As to chimpanzees and property rights, where is that from? How is that judged? From acting as if they respect other chimps' wanting to hold on to something?
 
As to chimpanzees and property rights, where is that from? How is that judged? From acting as if they respect other chimps' wanting to hold on to something?
Exactly. I got it from one of Richard Leakey's books; he said he got it from Jane Goodall.
 
I'm an atheist. Natural property rights require a god they could have come from.
You're an atheist. Why are you uncritically accepting theist propaganda?

In the first place, why on earth would natural property rights require a god? In the second place, how could a god go about bestowing a right on someone if she didn't already have it? "God said you shouldn't steal Bronzeage's car." does not logically imply you shouldn't steal his car. And in the third place, if a god did somehow manage to bestow a right, what the bejesus would be natural about it? If the theists are correct about gods then they're supernatural, not natural. But of course we're atheists -- we know perfectly well theists are wrong about gods and man created gods in his image. Any rights they bestow are artificial.
 
I don't know where DrZoidberg got his history, but property rights are as old as humanity...
Older. Much much older. Chimpanzees have property rights.

I'm pretty sure John Locke wasn't a chimpanzee.
I'm pretty sure John Locke wasn't the first property owner. Why do you keep pushing this narrative where the British invented property rights? Property is one of the items on Dr. Brown's famous list of "human universals" -- features found in every society anthropologists have checked for them in.

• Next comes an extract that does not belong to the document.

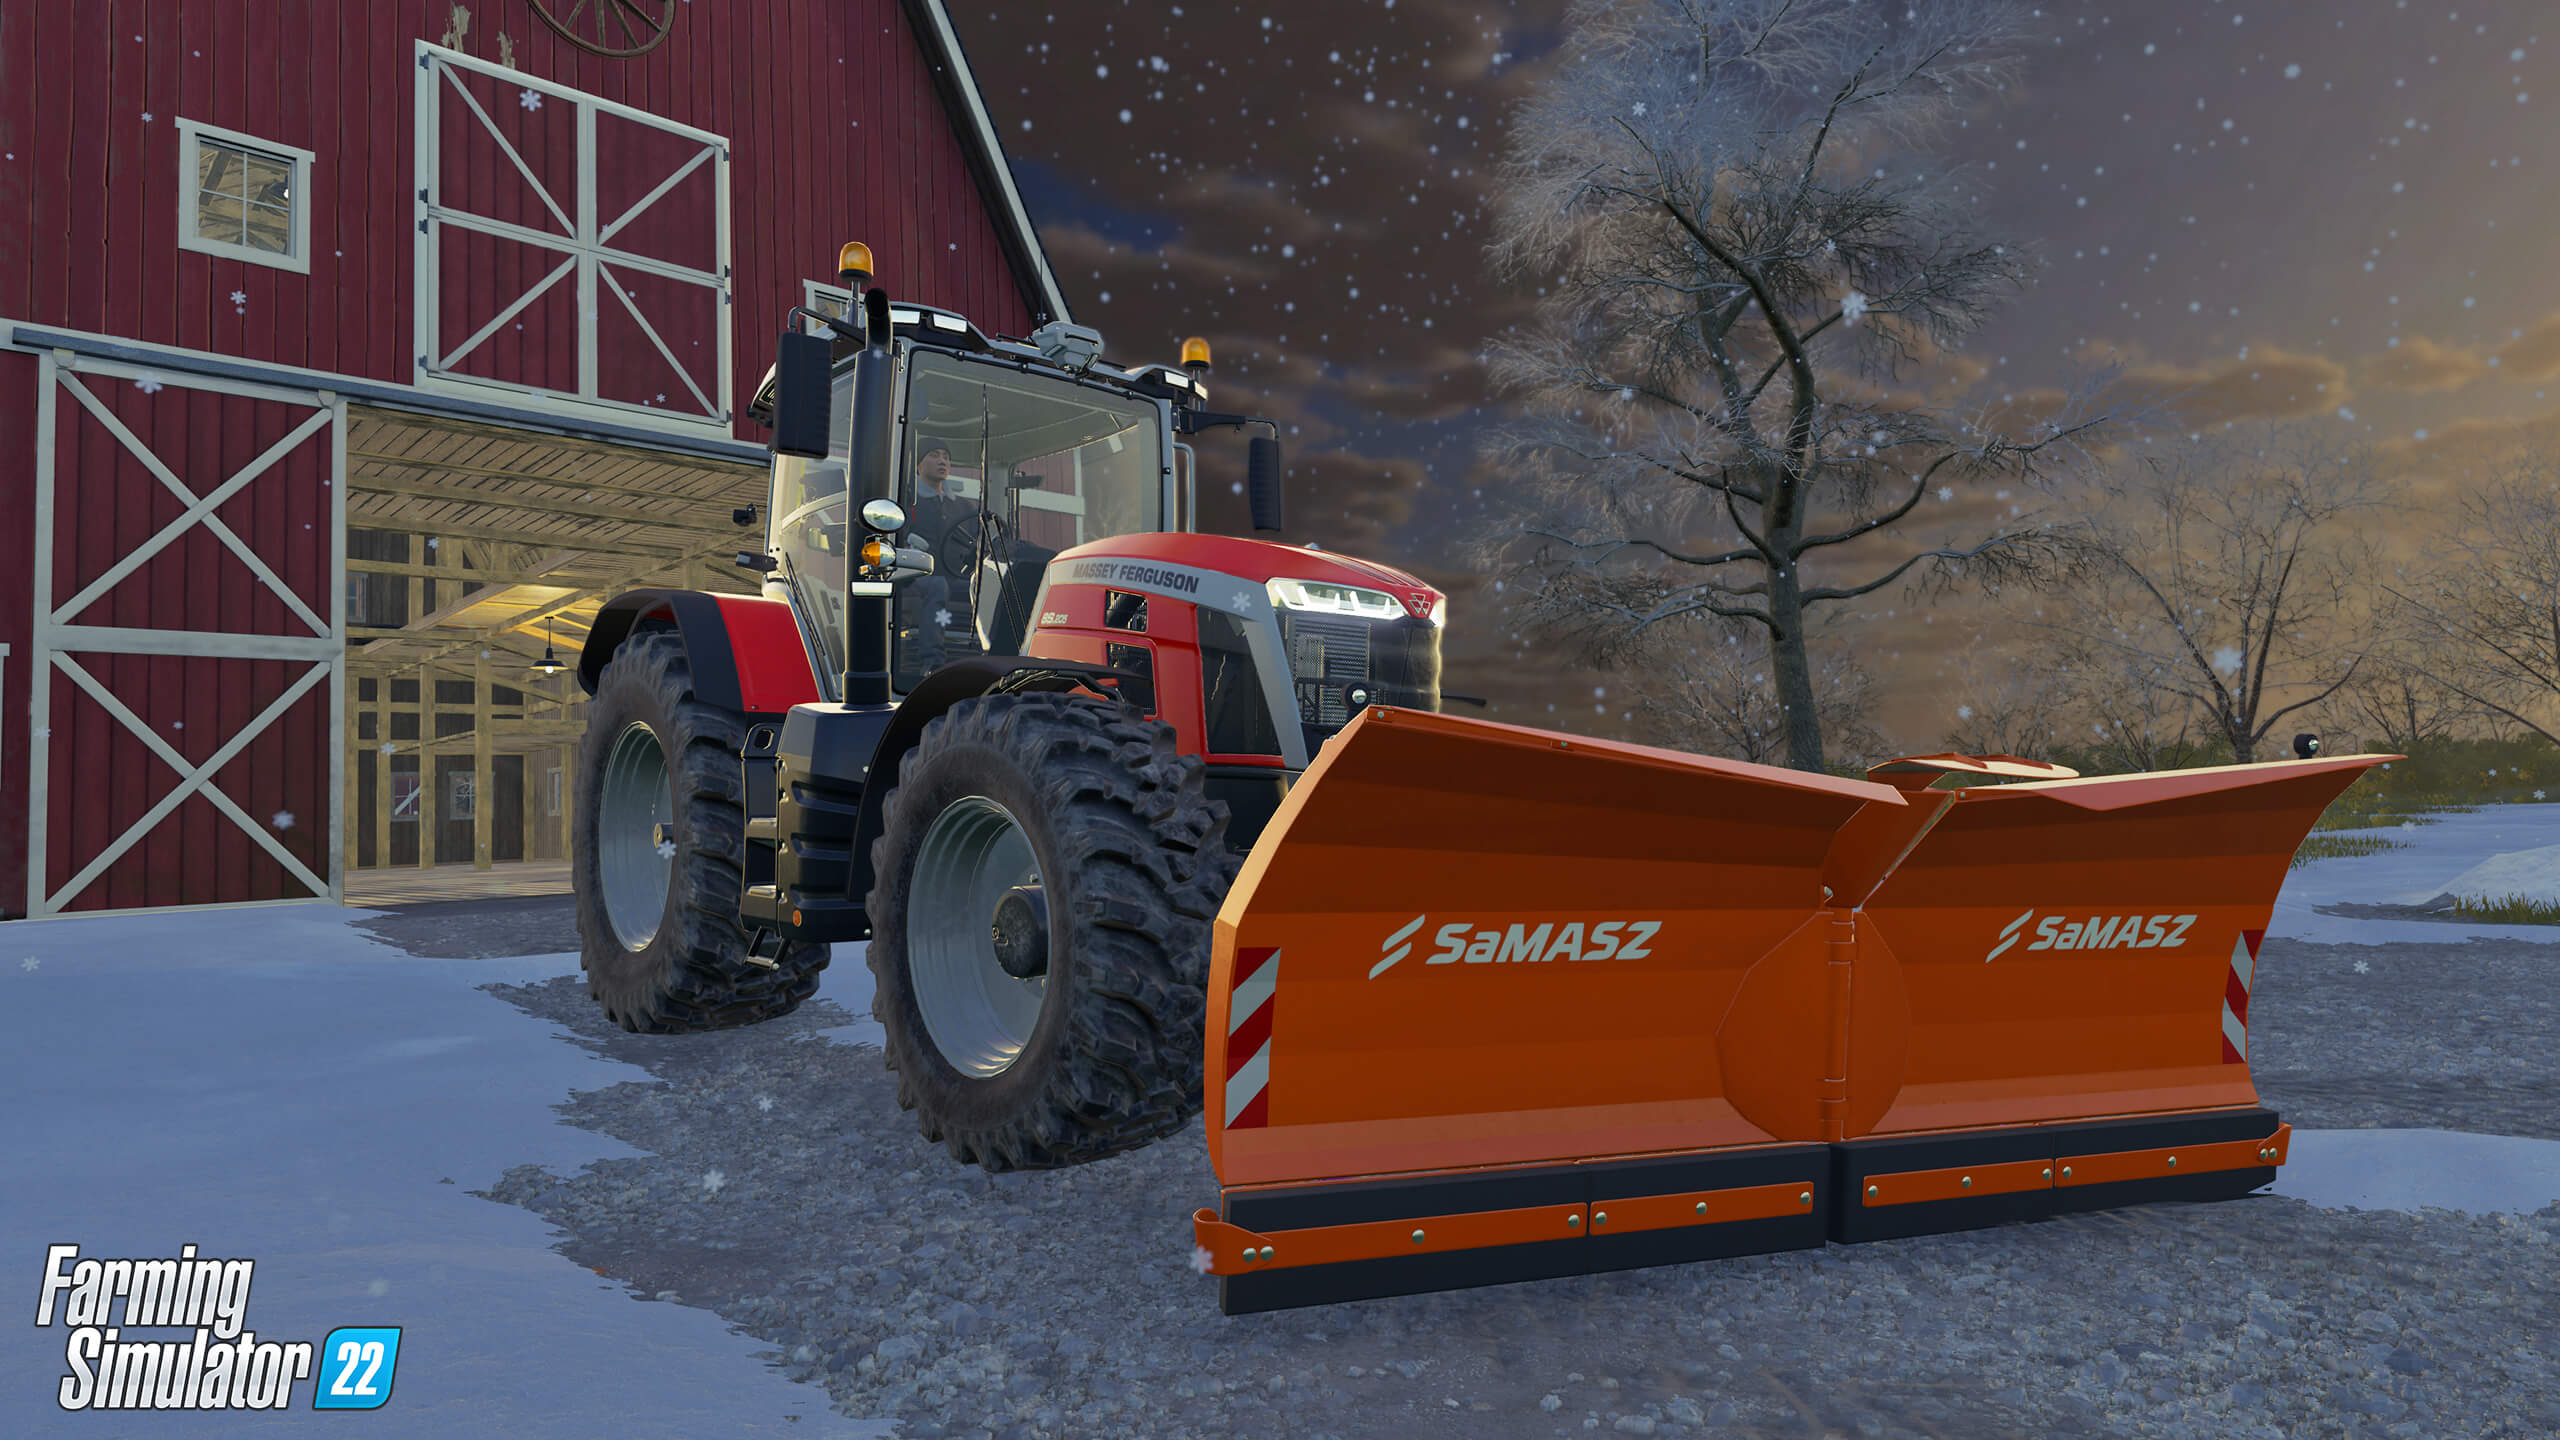 farming simulator 22 price ps4

You're making the classic mistake of thinking that our ancestors thought just like we did.
What evidence do you have that I think they did?

They didn't.
Obviously. Not even my parents think like me.
 
The meaningful question is what kind of society do we want to live in, and how do we get there. If we can't agree on our destination, can we agree on anything?
 
I don't know where DrZoidberg got his history, but property rights are as old as humanity...
Older. Much much older. Chimpanzees have property rights.

I'm pretty sure John Locke wasn't a chimpanzee.

You're making the classic mistake of thinking that our ancestors thought just like we did. They didn't.
What is your evidence for the second statement? How can you know it is true or even false?
I think that a person living in a different space (another location on Earth) thinks the same way in general (individual differences in some aspects) as other people. Similarly I think that people living in another time (our ancestors) think like us. It's not a matter of thinking differently, but having different data to process. Ask someone what colour is a swan - the Australian will say black, the Brit white. The ancestor had to process how to deal with not being eaten by a leopard, but the thinking process is the same as a modern person (ignoring any differences caused by language and experiences - the modern person is unlikely to have had this experience, but may have had a similar experience).
Note that if you are thinking of an ancient as say a citizen of ancient Rome, that there is also huge differences between a person living in say Spain and one living in say Eritrea. An interesting thing is that about fifty years ago I read Livy's 'Hannibal' and I said to my dad how similar the bureaucracy of ancient Rome that he talks about and the modern bureaucracy I knew of at that time were to each other.